'''

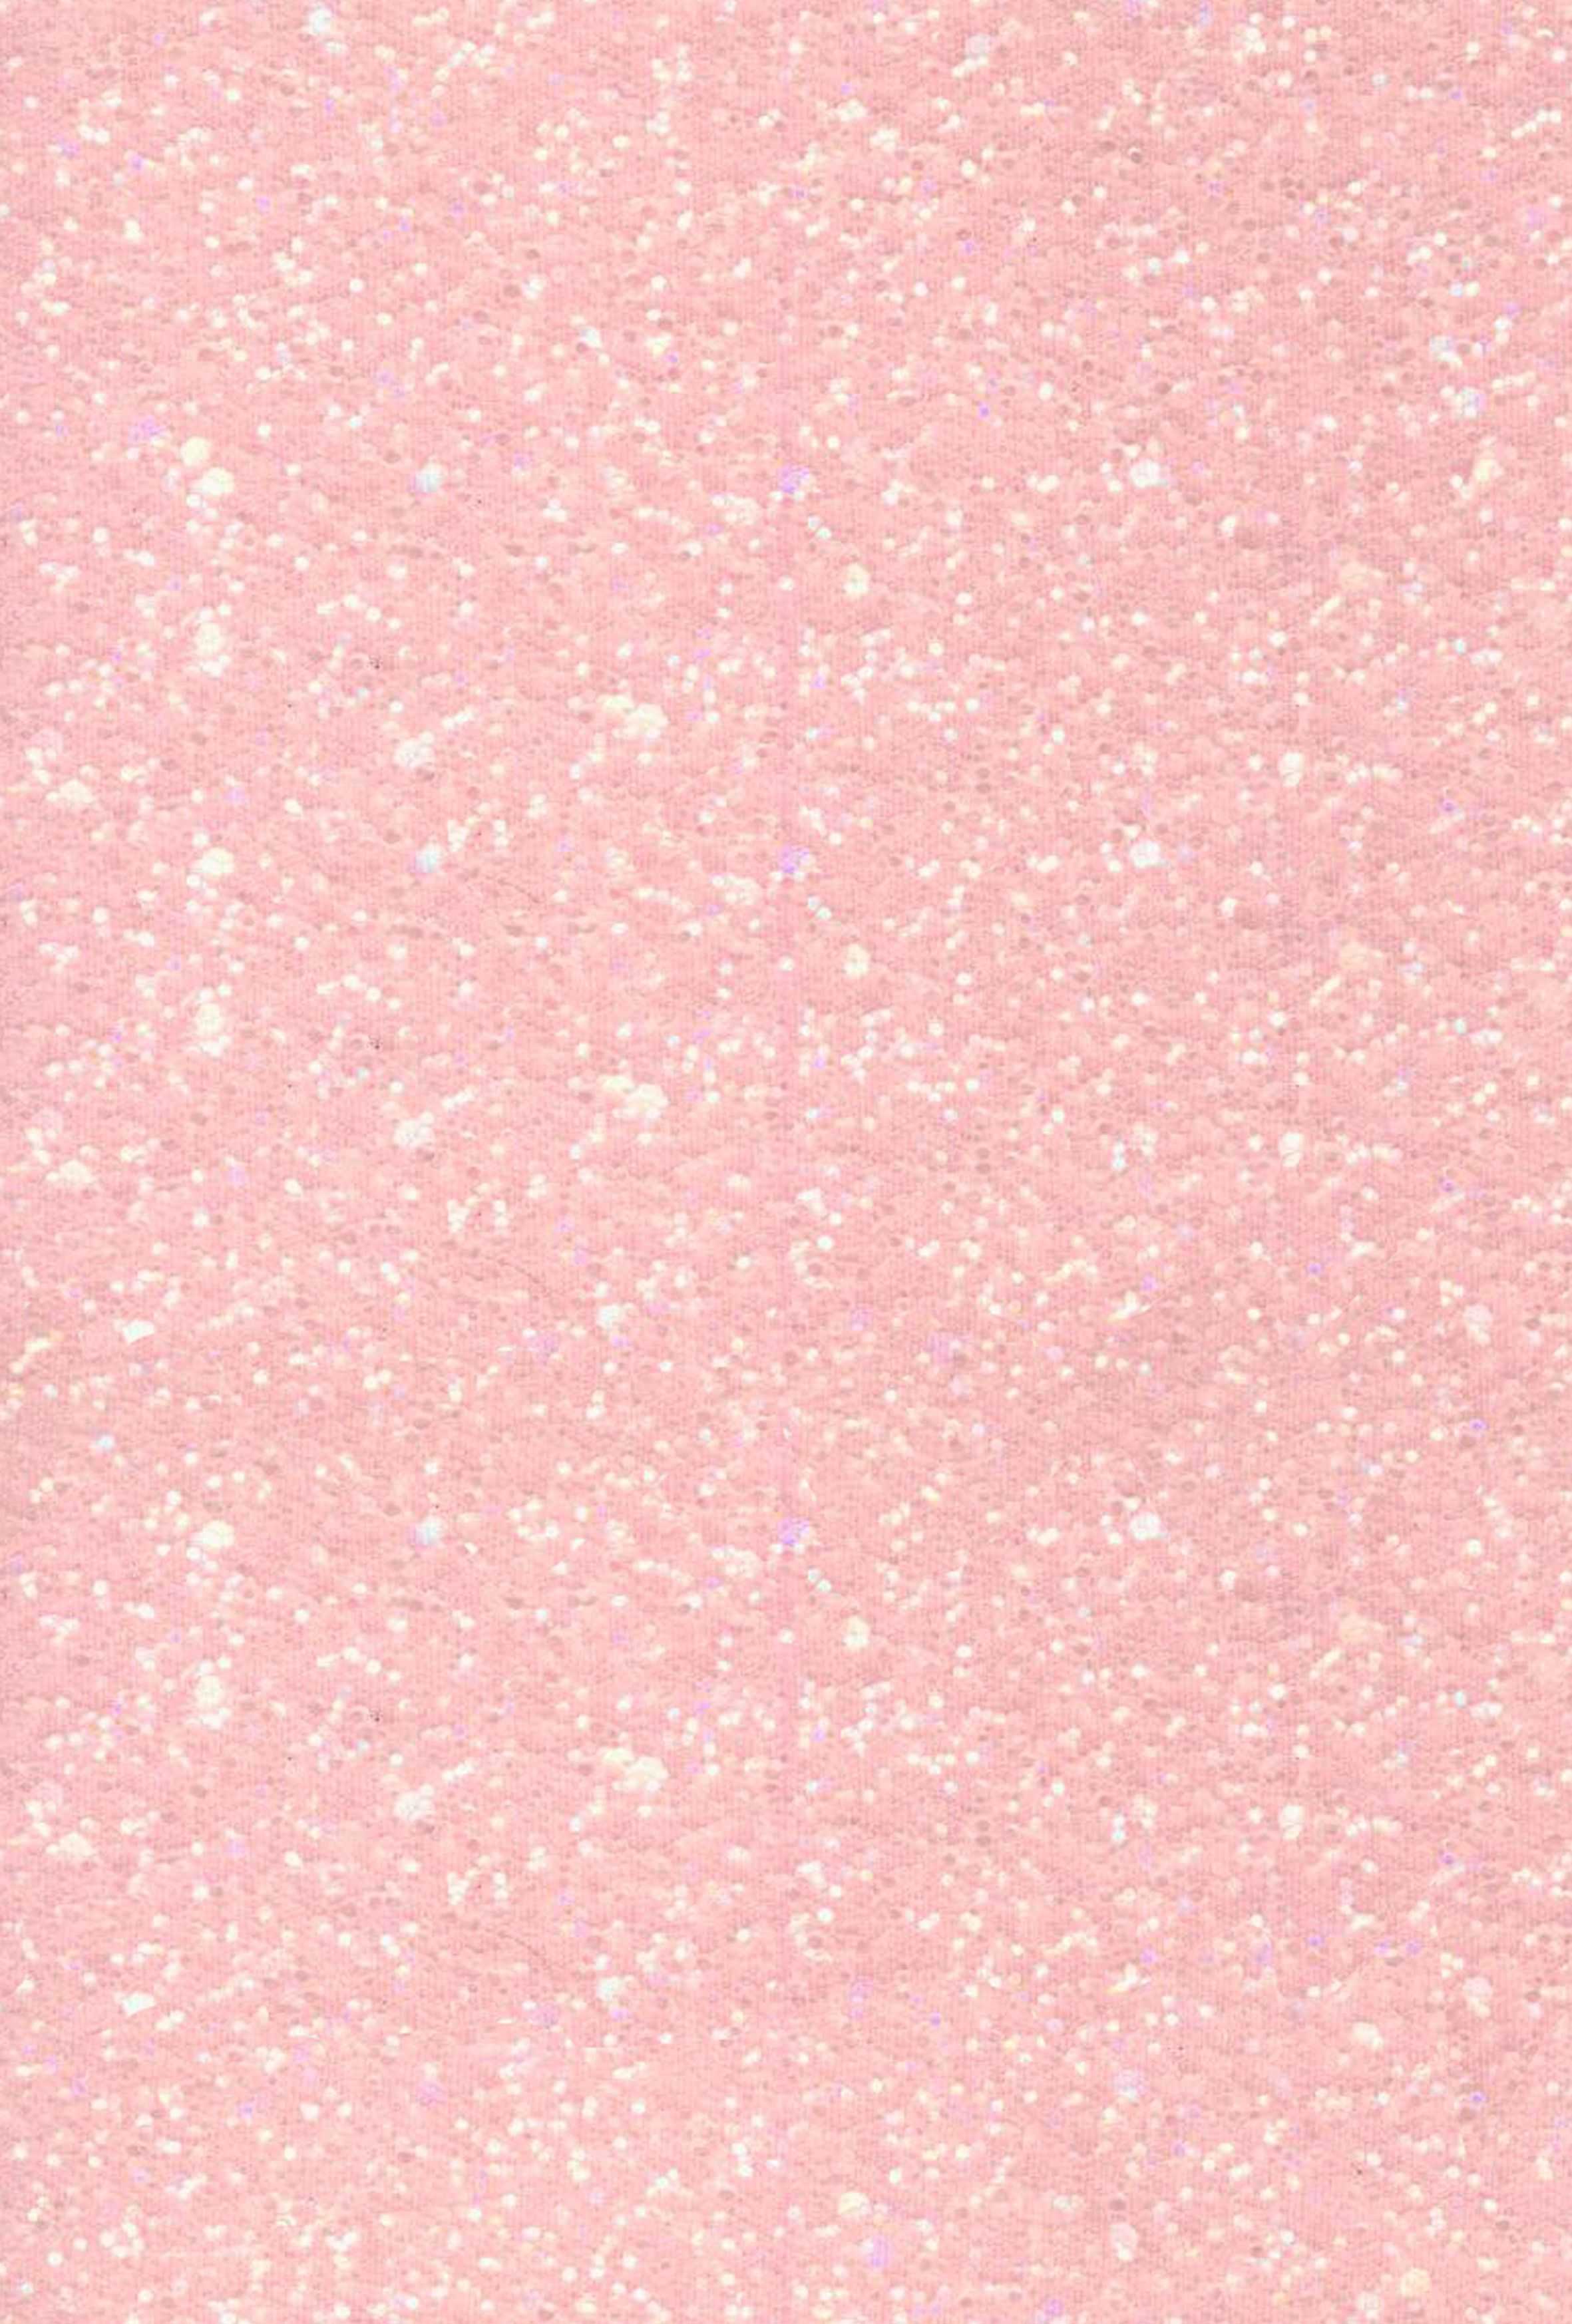 Light Pink Wallpaper - NawPic
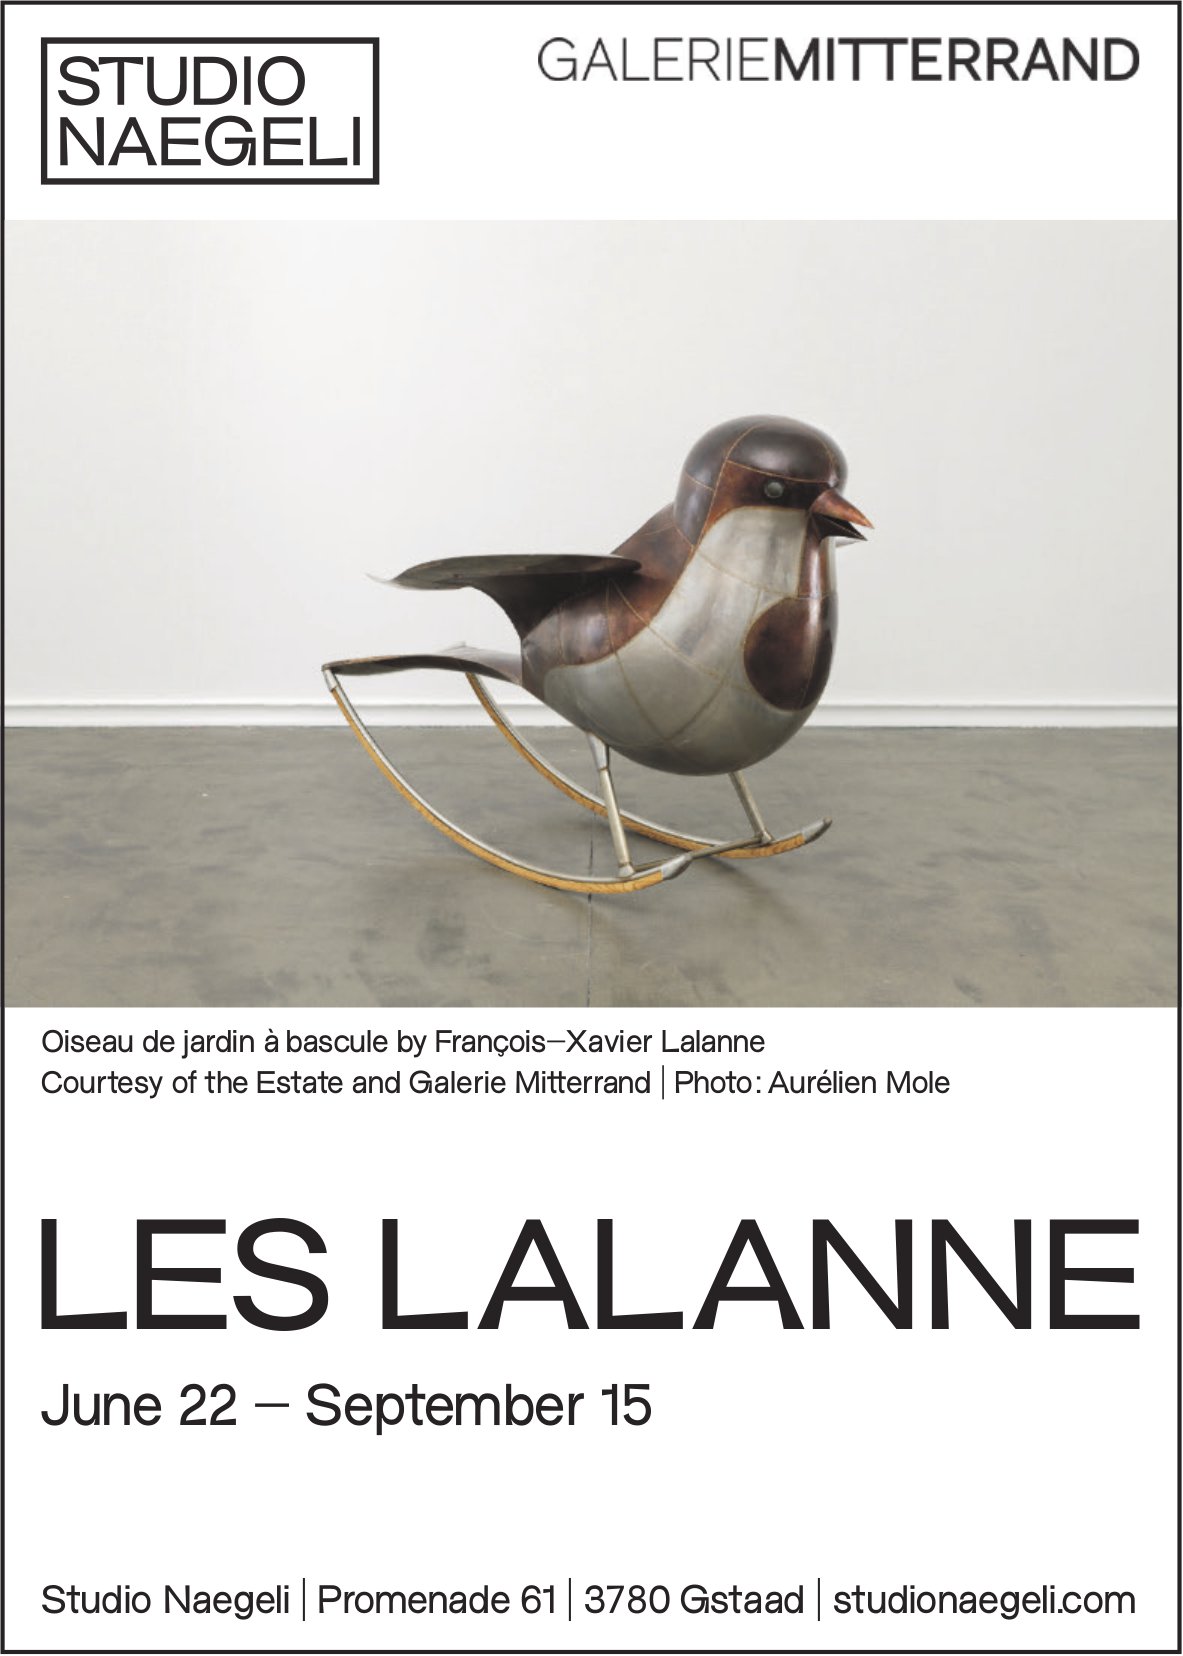 Les Lalanne, 22. Juni - 15. September, Studio Naegeli, Gstaad
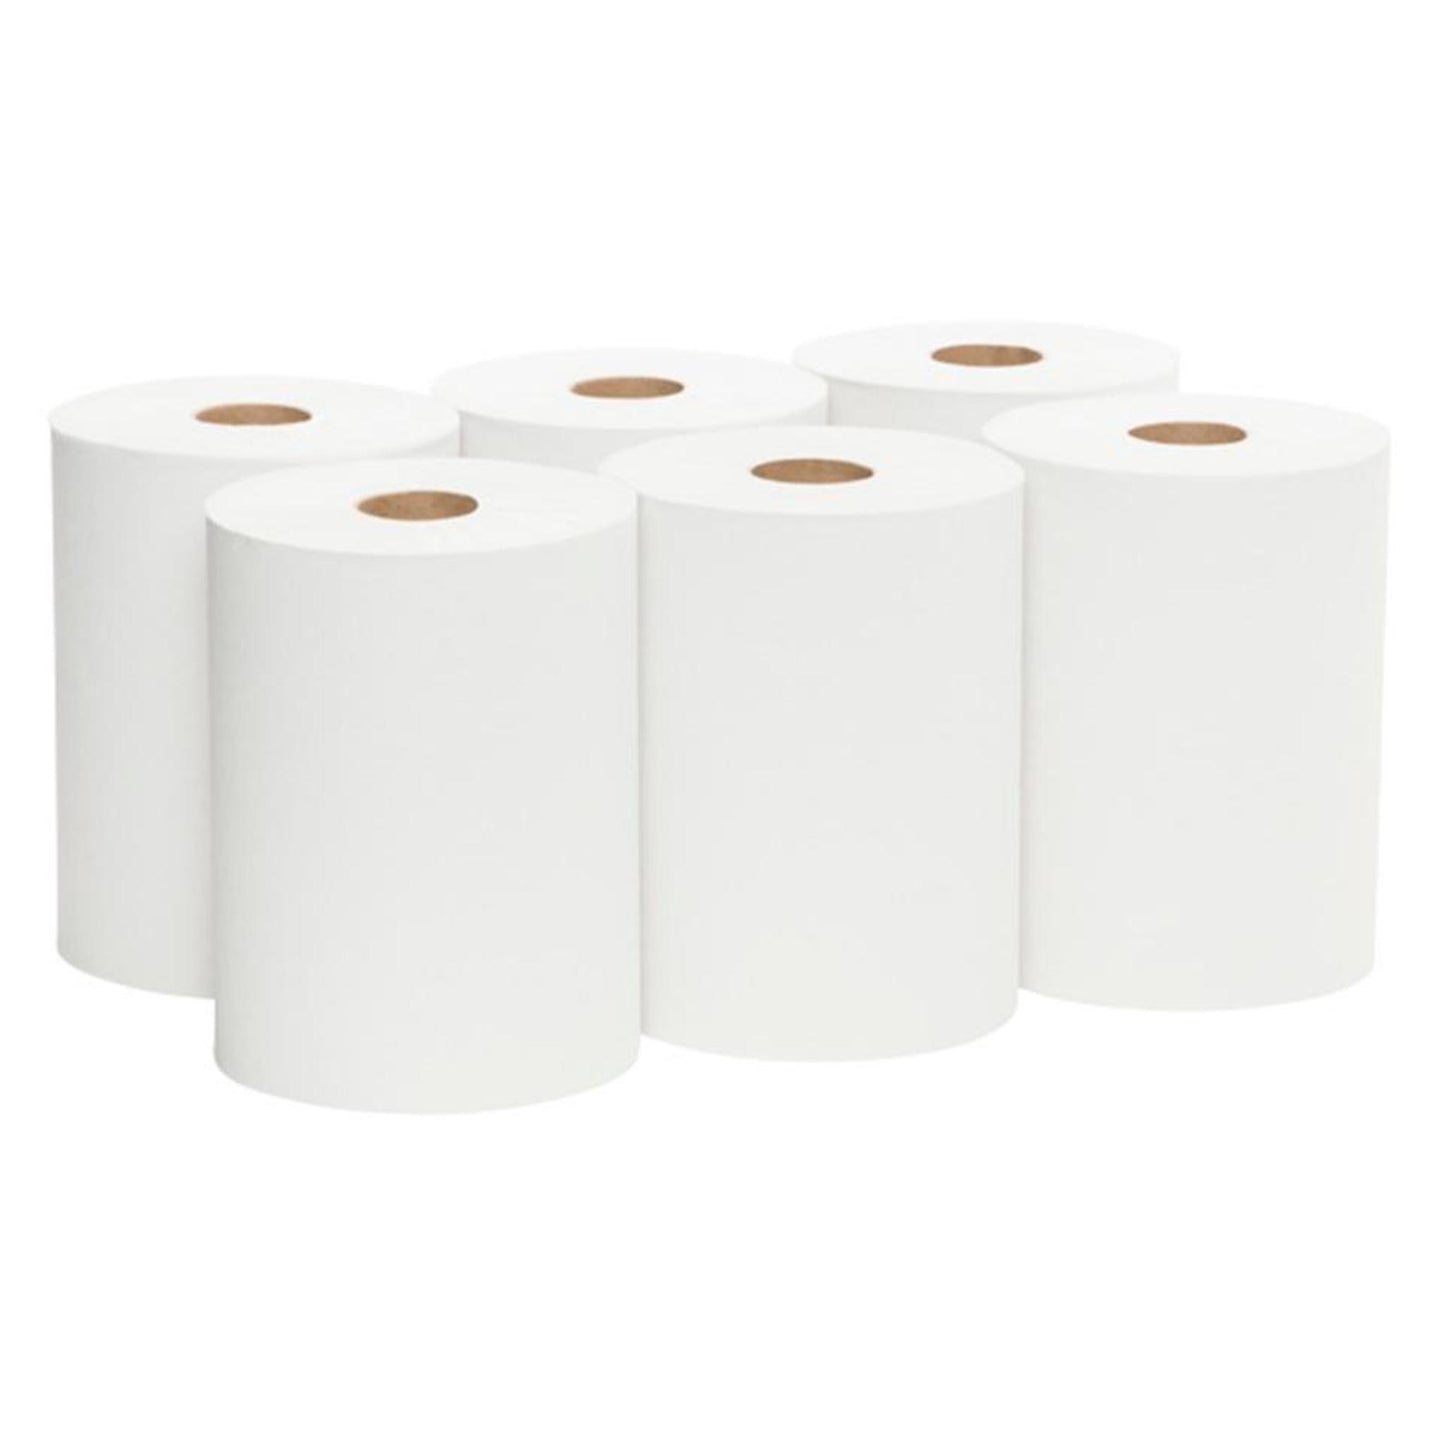 Scott 12388 Slimroll Paper Hand Towel 176m White - Carton (6 x 176m Roll)

'''

> **Prompt**
Every last line above must be reproduced as written, and no pictures belong in the copy.

> **Answer to this task**
 Light Pink Wallpaper - NawPic
 Les Lalanne, 22. Juni - 15. September, Studio Naegeli, Gstaad
 Scott 12388 Slimroll Paper Hand Towel 176m White - Carton (6 x 176m Roll)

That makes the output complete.